### Problem to solve
Give a verbatim copy of the lines below, minus the pictures.

### Information provided
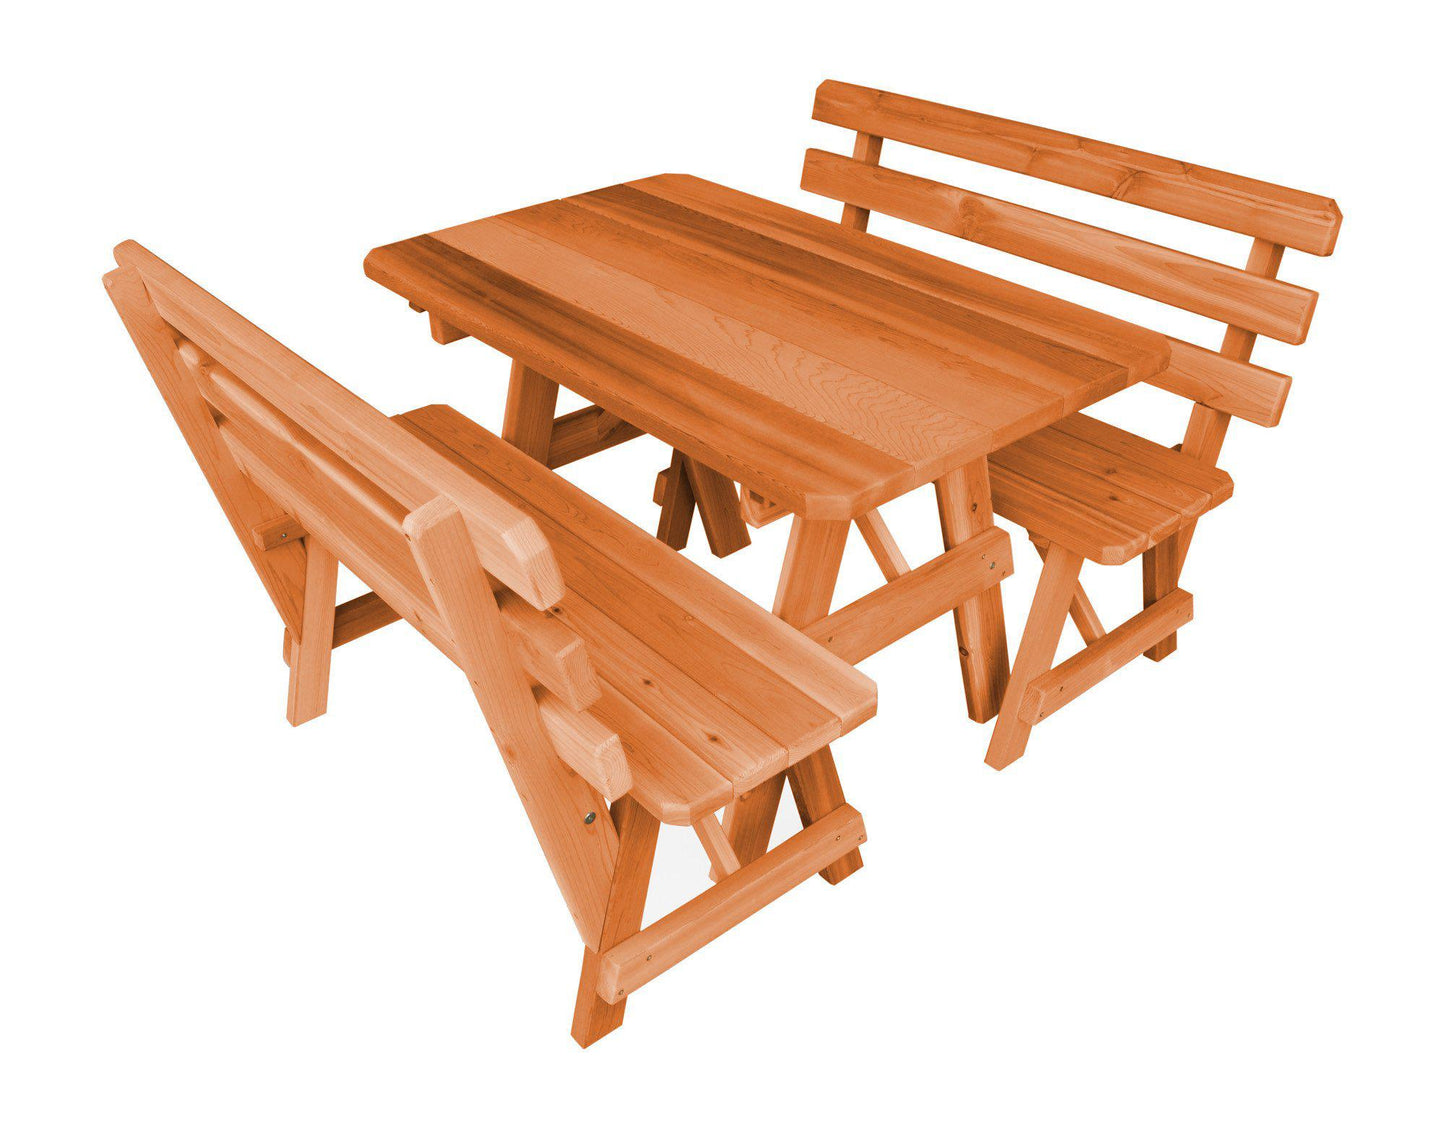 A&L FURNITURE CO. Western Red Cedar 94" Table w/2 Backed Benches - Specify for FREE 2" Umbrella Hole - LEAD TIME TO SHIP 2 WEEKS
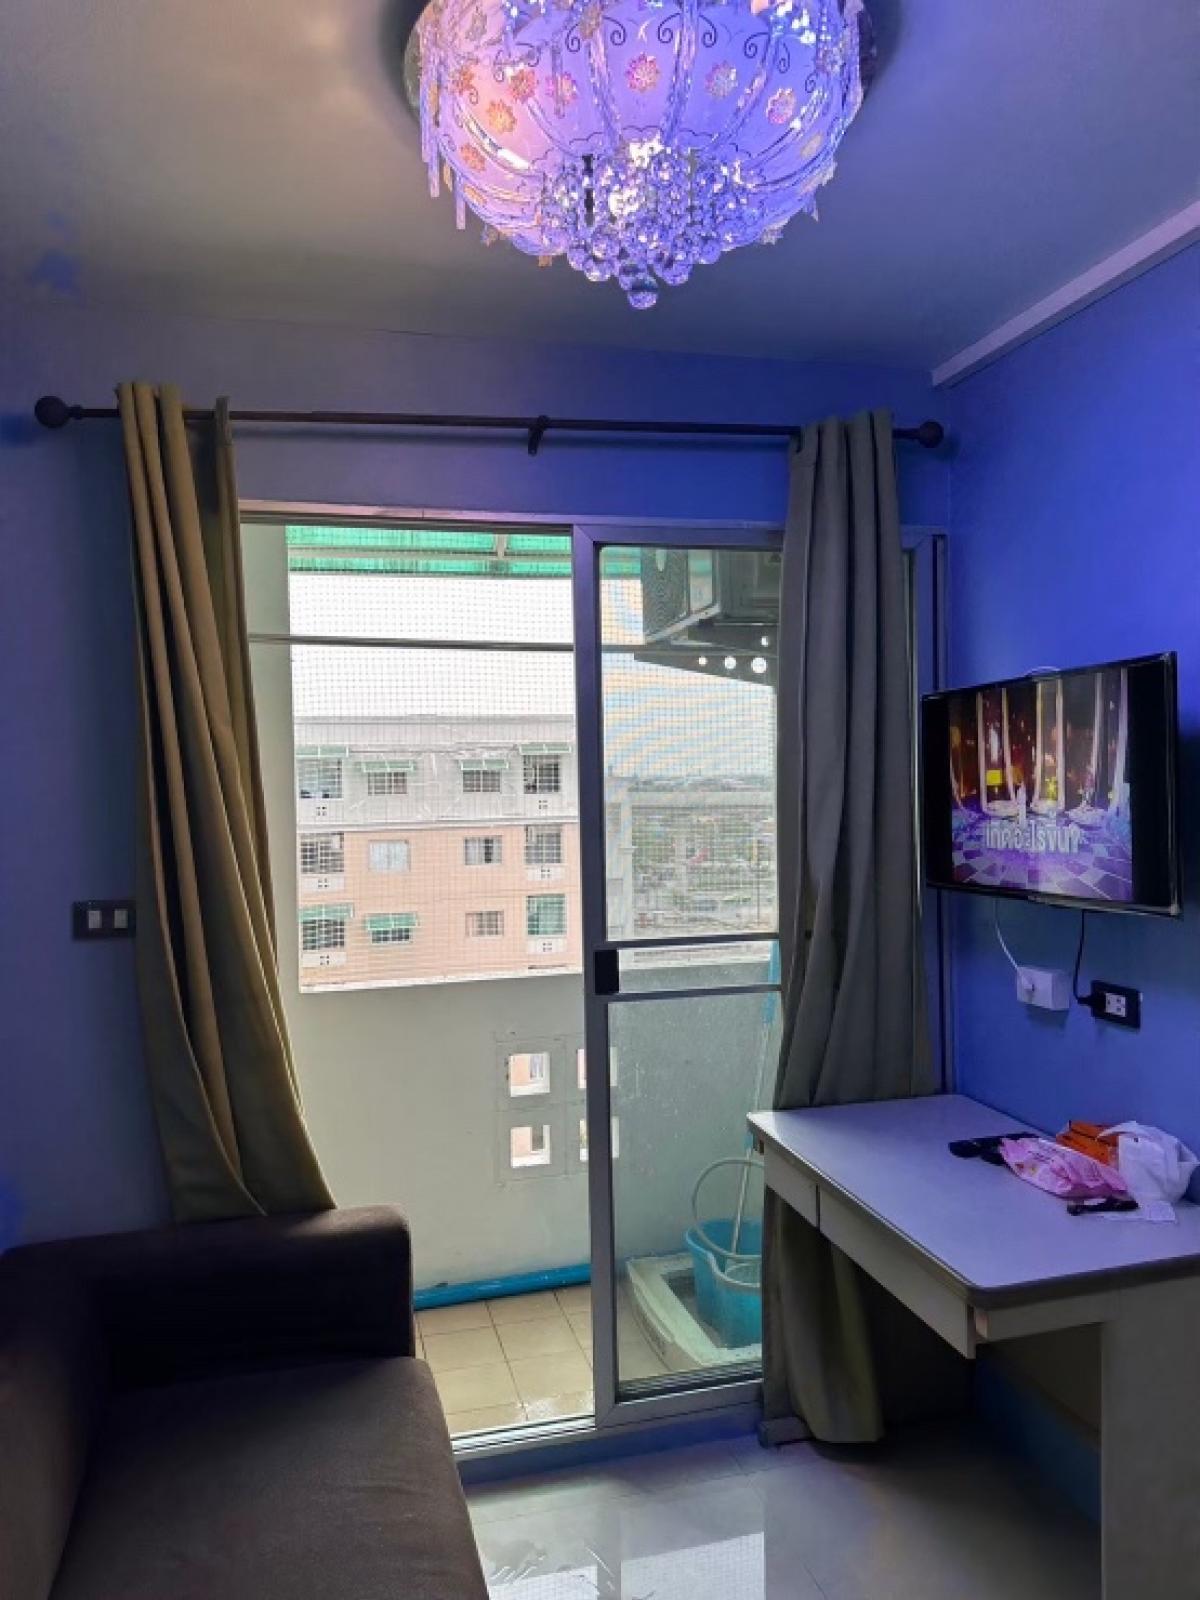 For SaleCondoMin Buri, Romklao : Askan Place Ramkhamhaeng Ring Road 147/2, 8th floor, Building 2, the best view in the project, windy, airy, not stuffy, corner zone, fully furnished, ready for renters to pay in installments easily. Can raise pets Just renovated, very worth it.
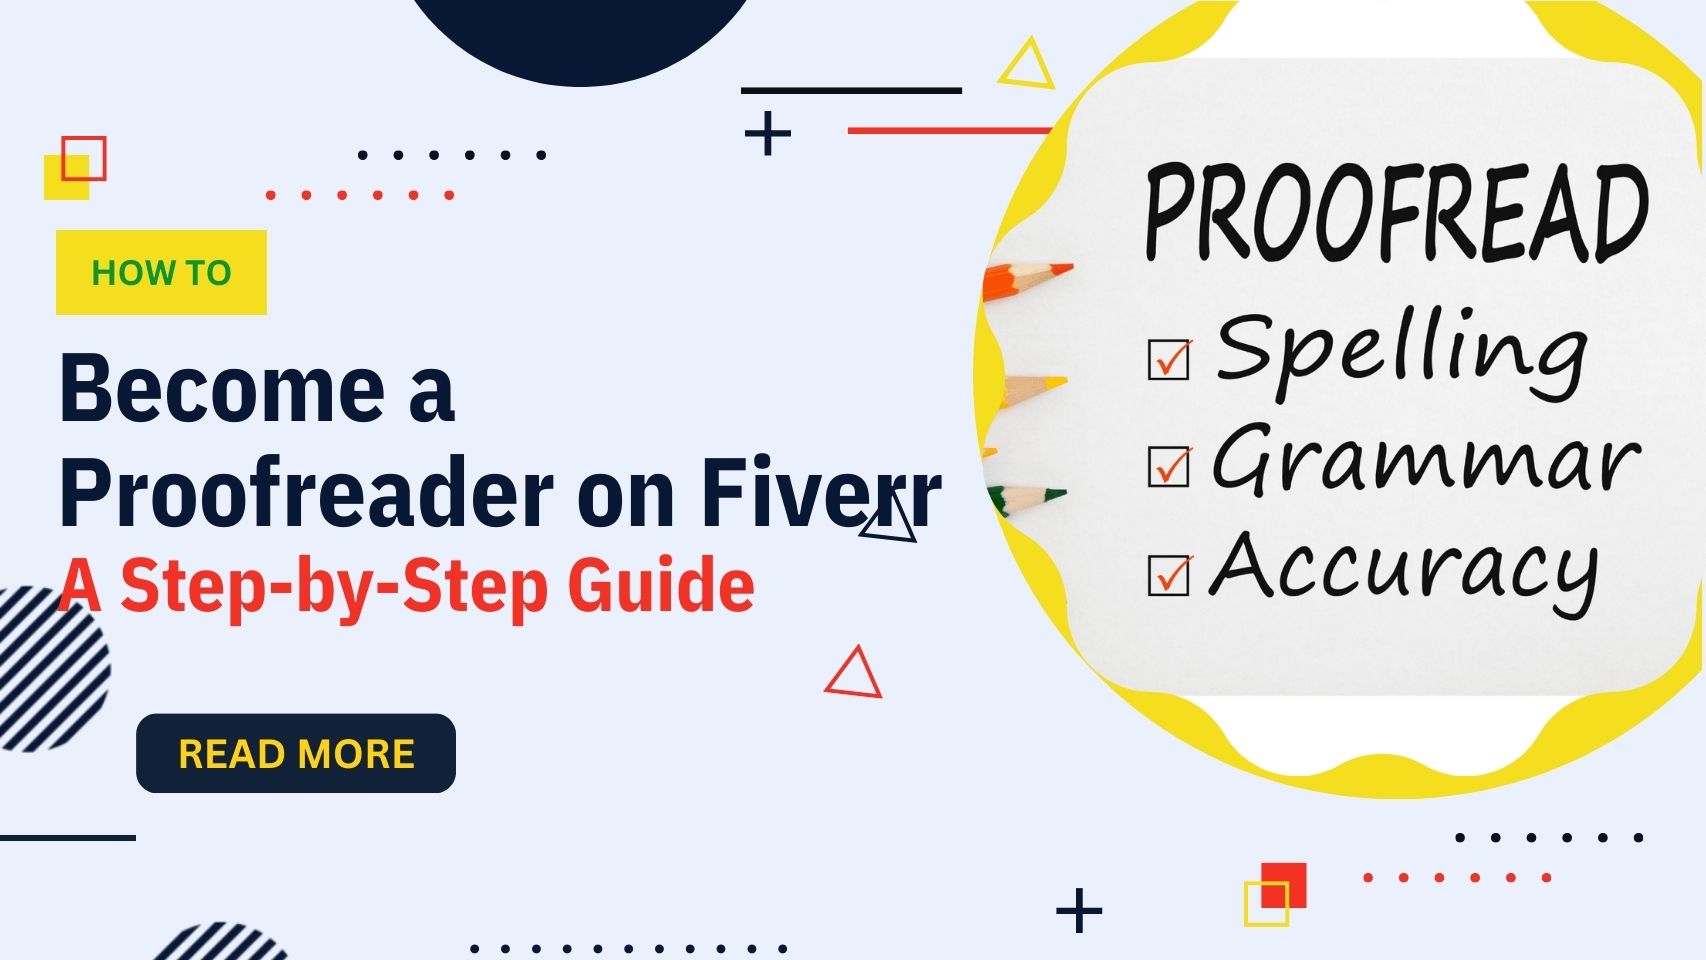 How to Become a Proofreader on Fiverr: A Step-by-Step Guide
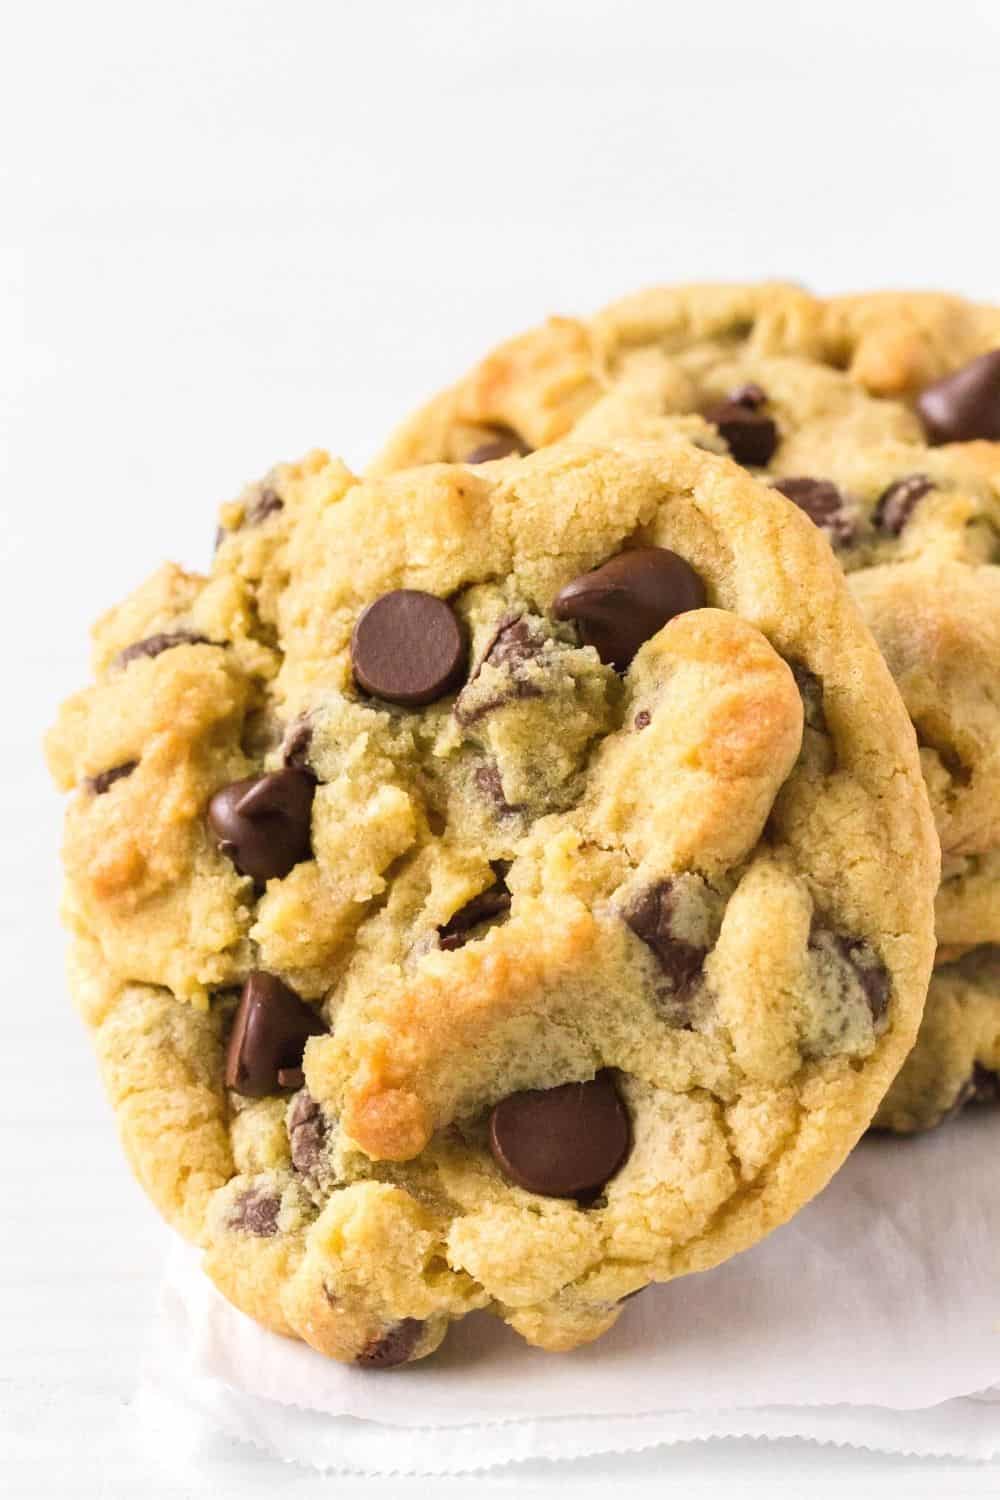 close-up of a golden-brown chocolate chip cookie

### Output of the exercise
 A&L FURNITURE CO. Western Red Cedar 94" Table w/2 Backed Benches - Specify for FREE 2" Umbrella Hole - LEAD TIME TO SHIP 2 WEEKS
 For SaleCondoMin Buri, Romklao : Askan Place Ramkhamhaeng Ring Road 147/2, 8th floor, Building 2, the best view in the project, windy, airy, not stuffy, corner zone, fully furnished, ready for renters to pay in installments easily. Can raise pets Just renovated, very worth it.
 How to Become a Proofreader on Fiverr: A Step-by-Step Guide
 close-up of a golden-brown chocolate chip cookie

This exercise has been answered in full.